WHAT YOU HAVE TO DO. Write out the data word for word, taking care that no picture is carried over.

INFORMATION PROVIDED.
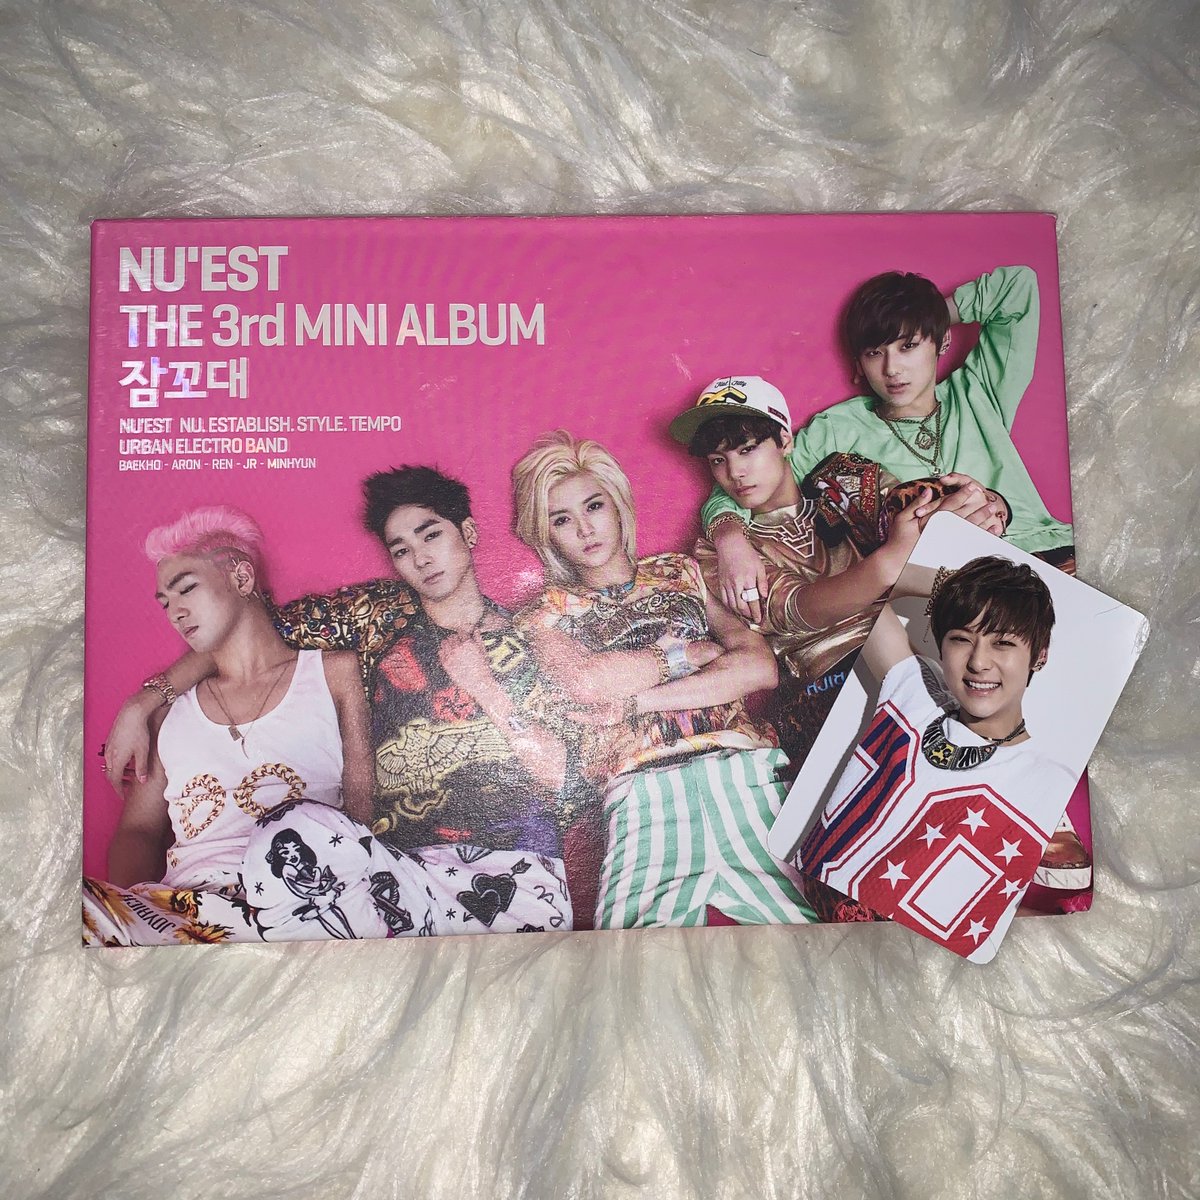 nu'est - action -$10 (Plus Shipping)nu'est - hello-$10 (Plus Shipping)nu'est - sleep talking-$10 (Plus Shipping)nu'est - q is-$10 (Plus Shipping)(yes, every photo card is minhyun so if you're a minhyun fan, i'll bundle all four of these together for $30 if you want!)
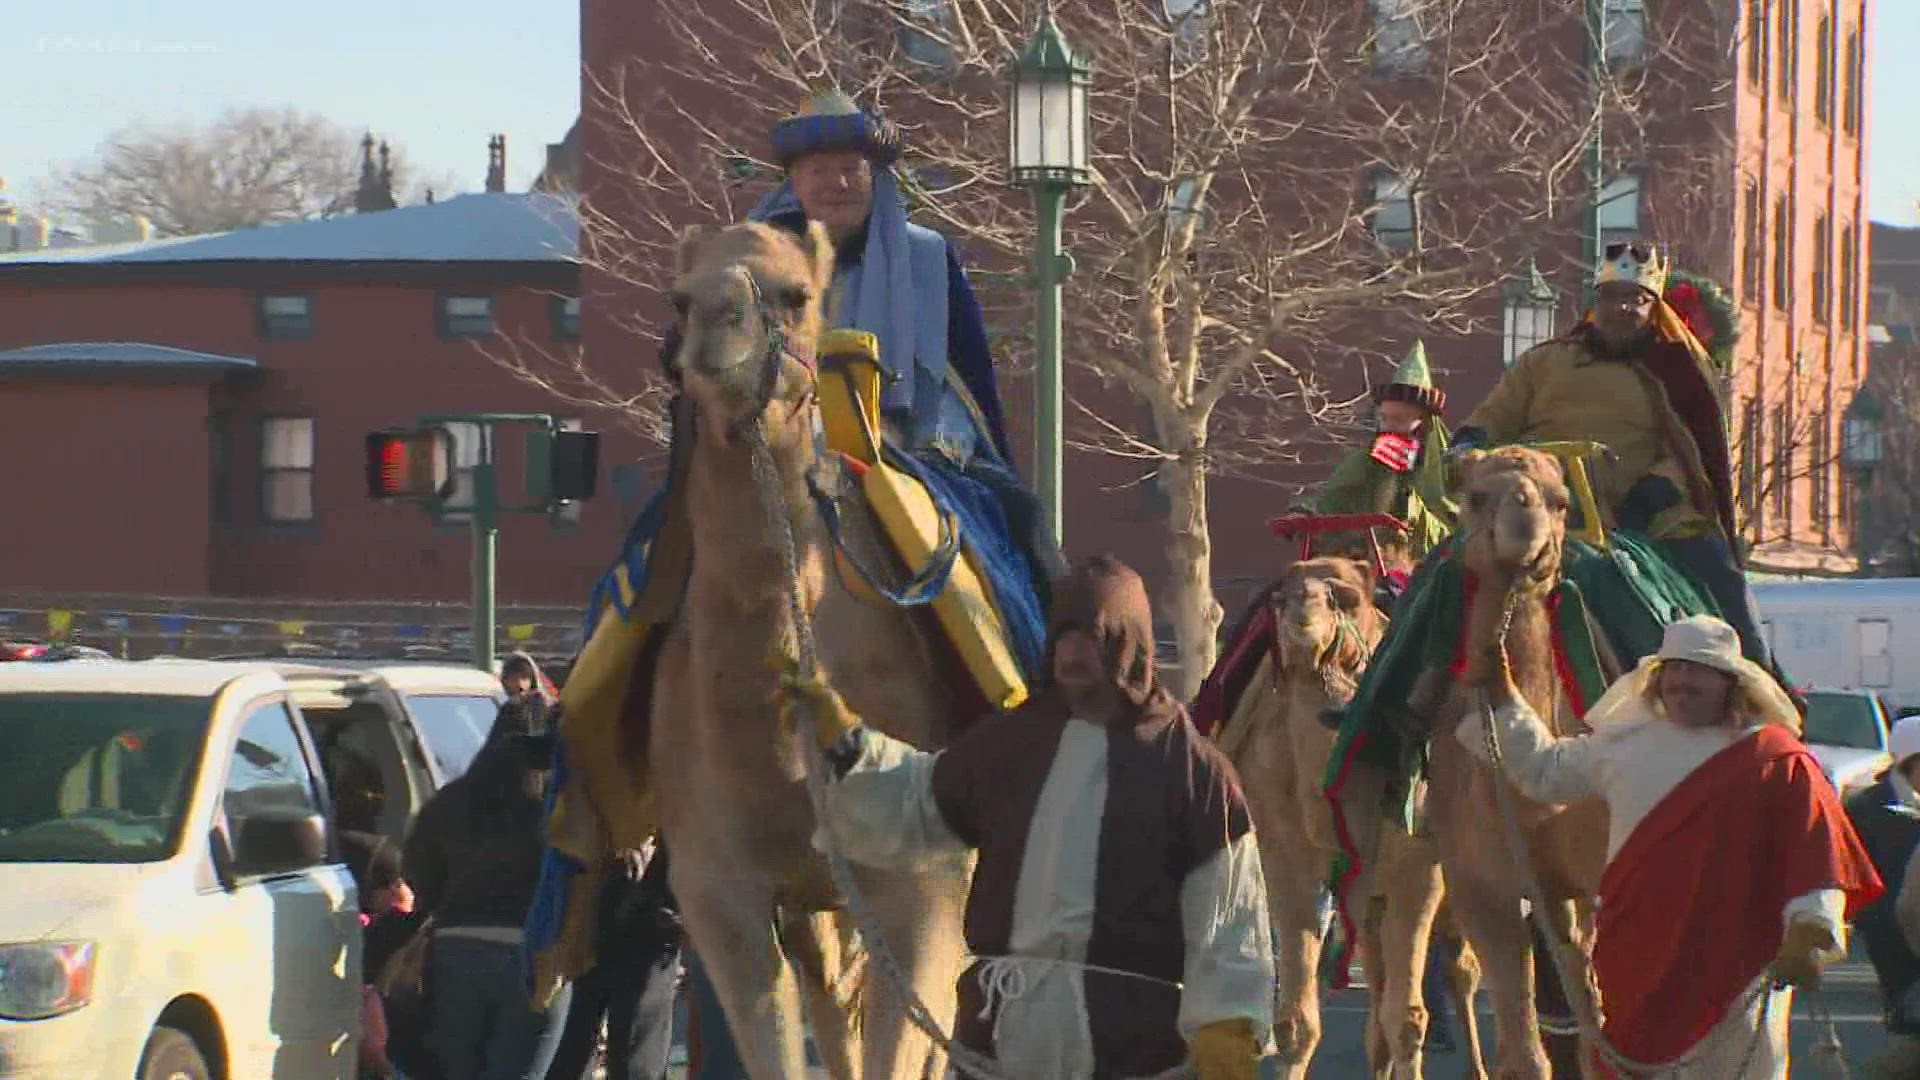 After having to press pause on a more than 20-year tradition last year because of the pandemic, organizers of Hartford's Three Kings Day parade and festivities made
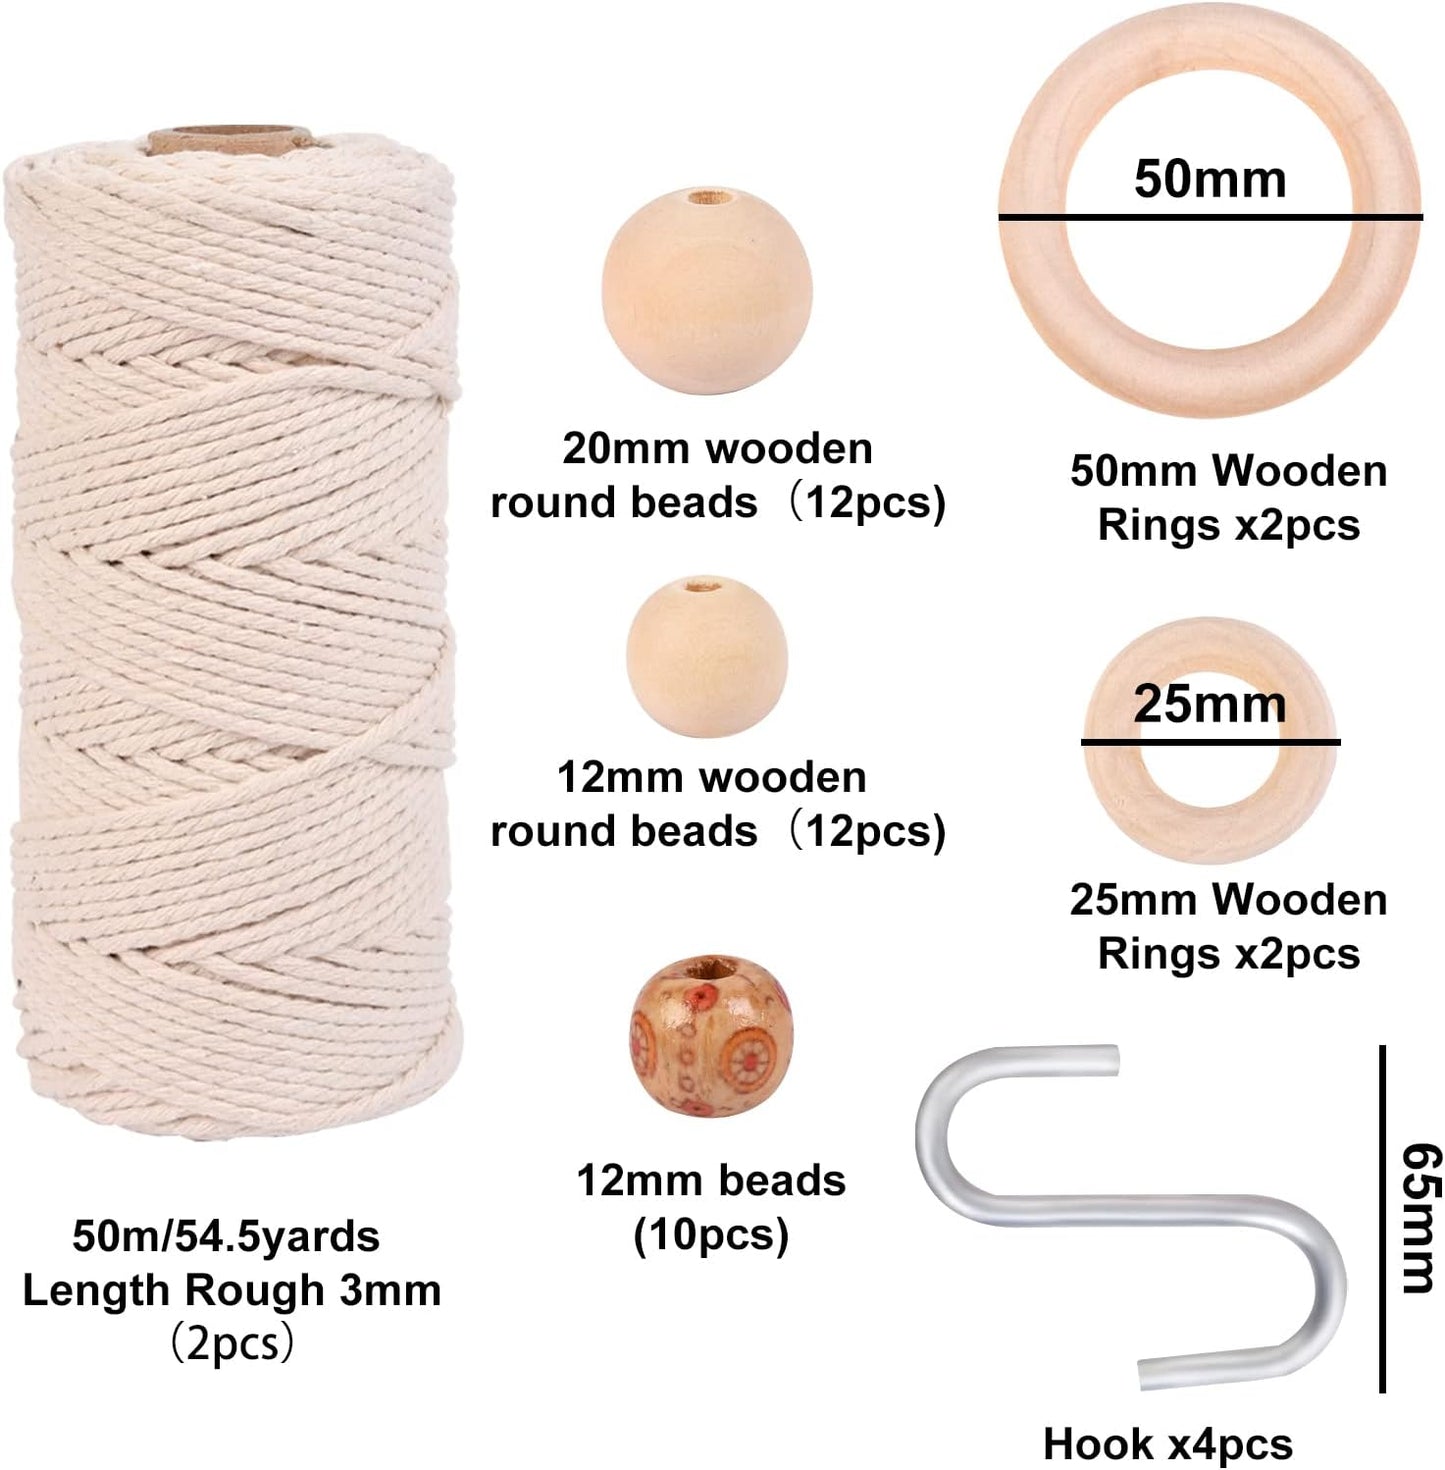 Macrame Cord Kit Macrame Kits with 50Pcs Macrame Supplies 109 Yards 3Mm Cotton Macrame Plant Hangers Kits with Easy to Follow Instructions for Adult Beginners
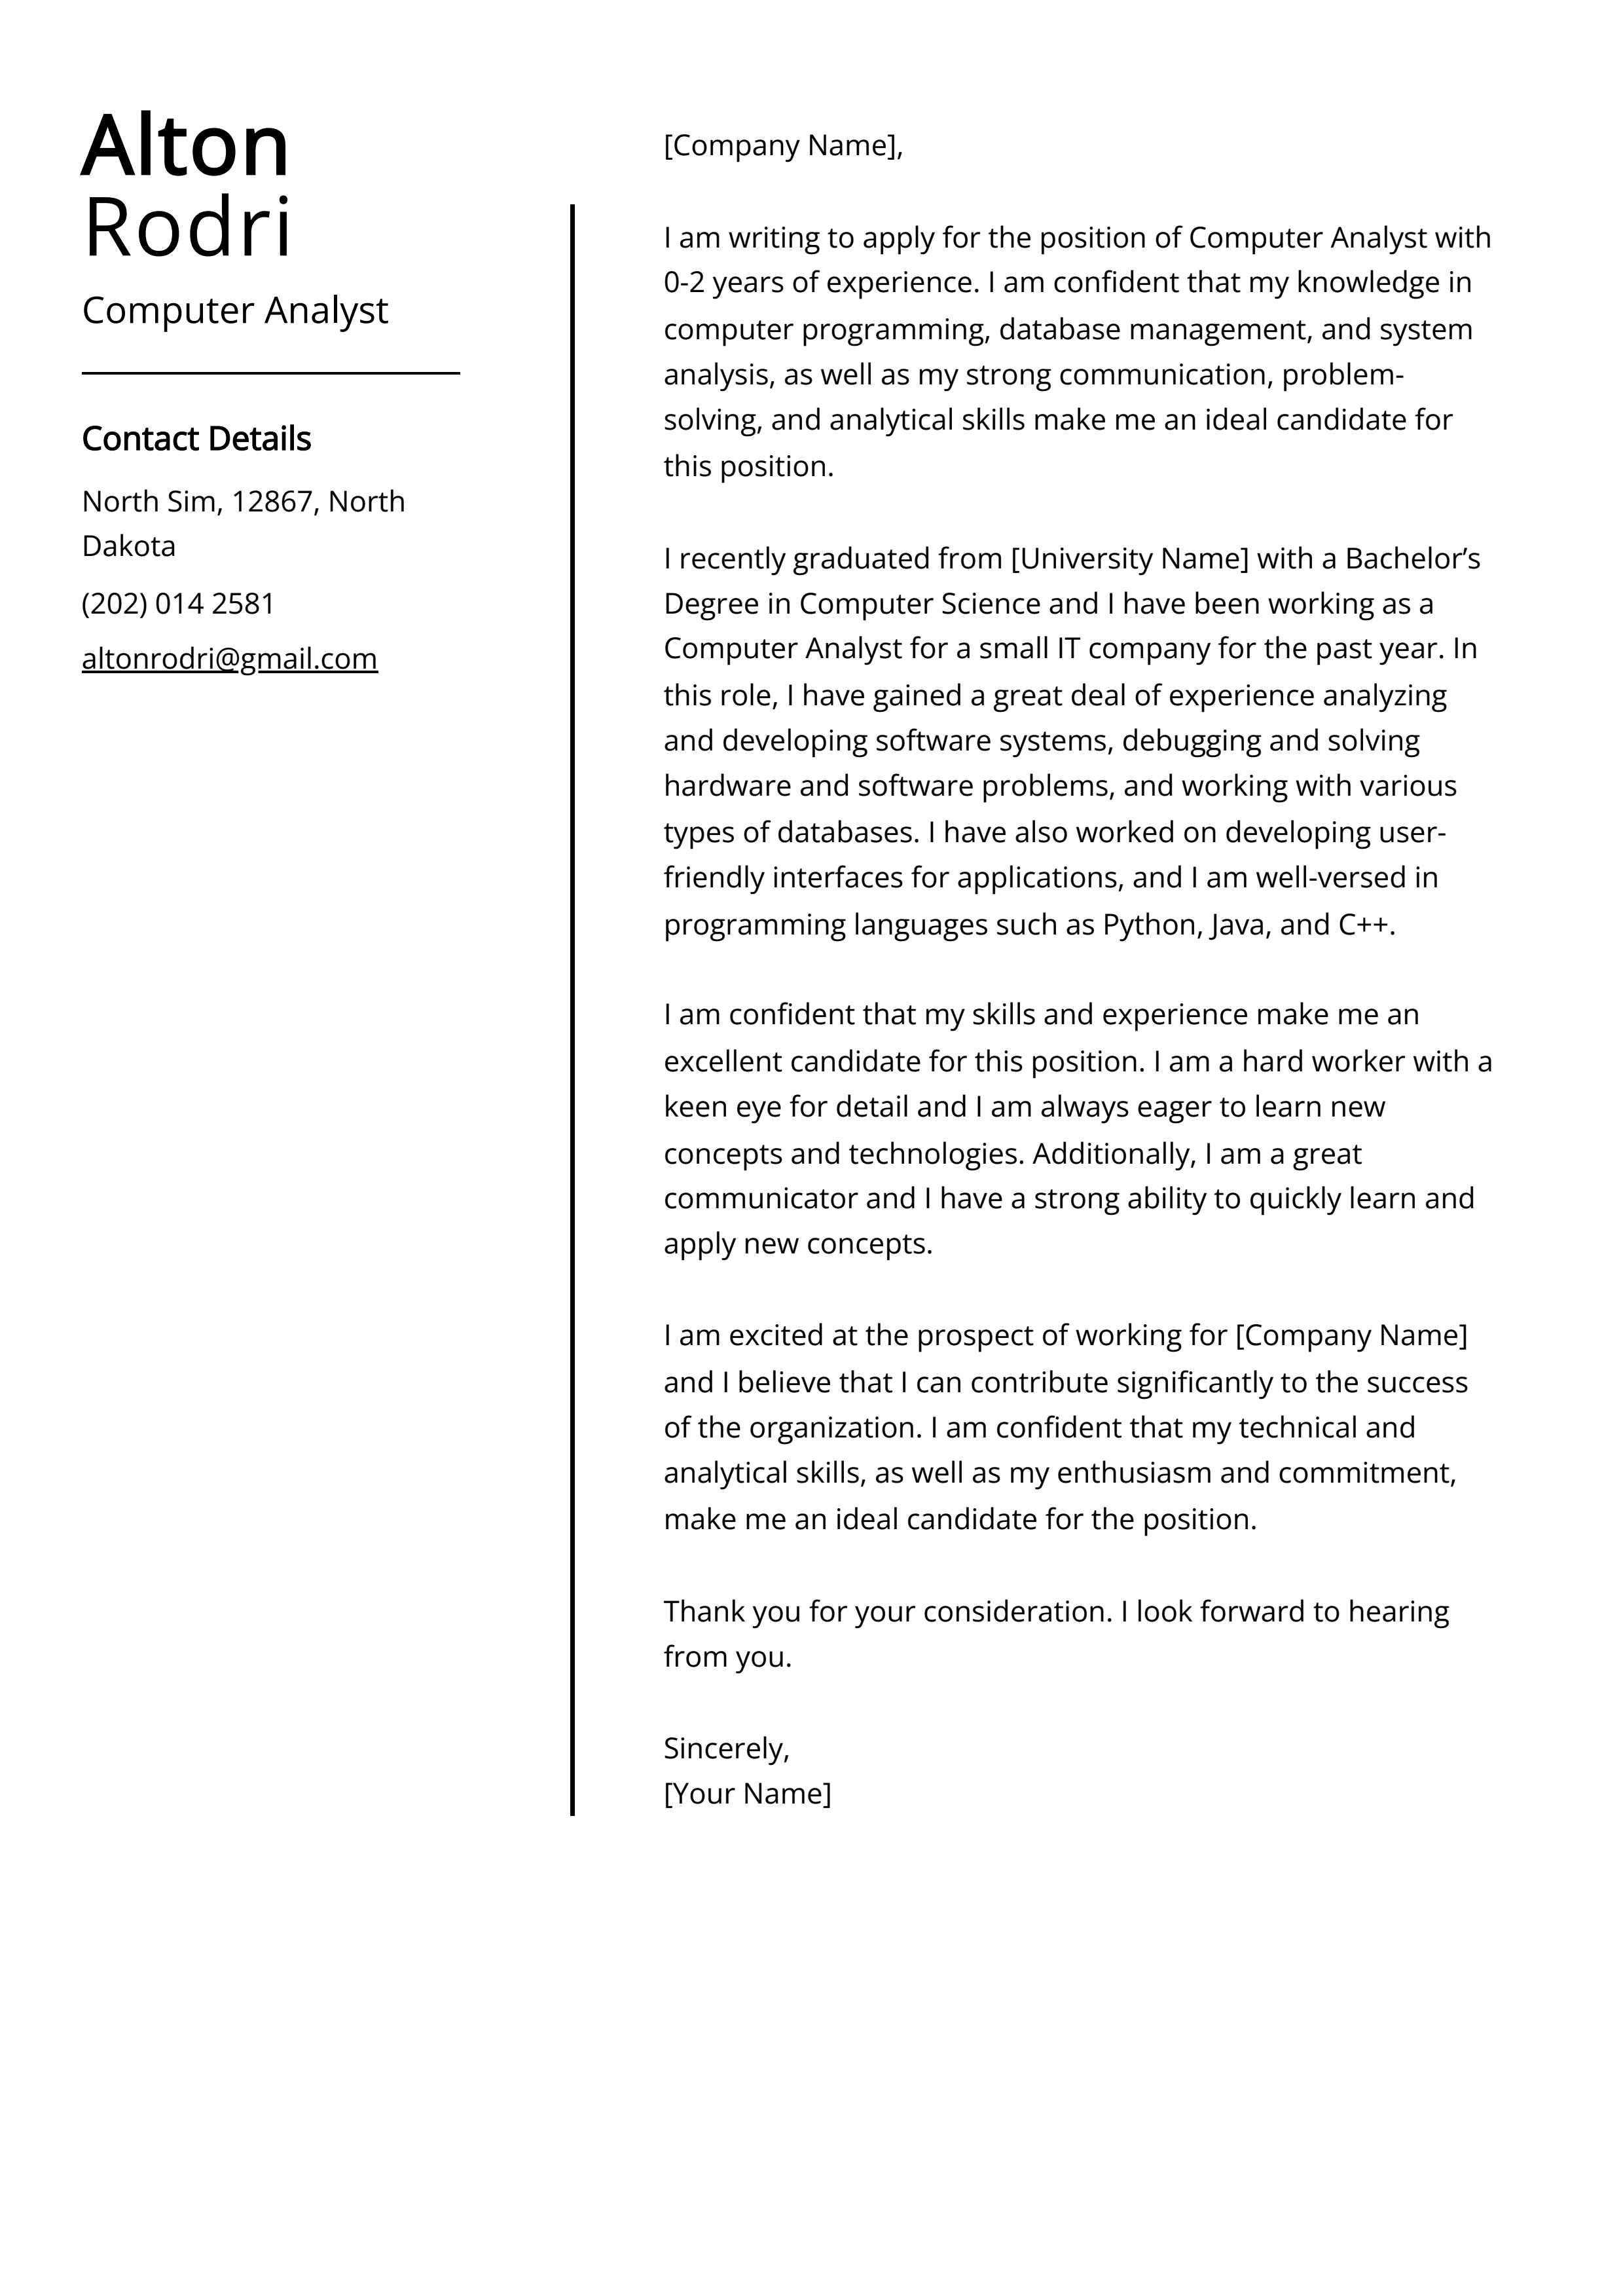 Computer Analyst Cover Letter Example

RESULT OF THE EXERCISE.
 nu'est - action -$10 (Plus Shipping)nu'est - hello-$10 (Plus Shipping)nu'est - sleep talking-$10 (Plus Shipping)nu'est - q is-$10 (Plus Shipping)(yes, every photo card is minhyun so if you're a minhyun fan, i'll bundle all four of these together for $30 if you want!)
 After having to press pause on a more than 20-year tradition last year because of the pandemic, organizers of Hartford's Three Kings Day parade and festivities made
 Macrame Cord Kit Macrame Kits with 50Pcs Macrame Supplies 109 Yards 3Mm Cotton Macrame Plant Hangers Kits with Easy to Follow Instructions for Adult Beginners
 Computer Analyst Cover Letter Example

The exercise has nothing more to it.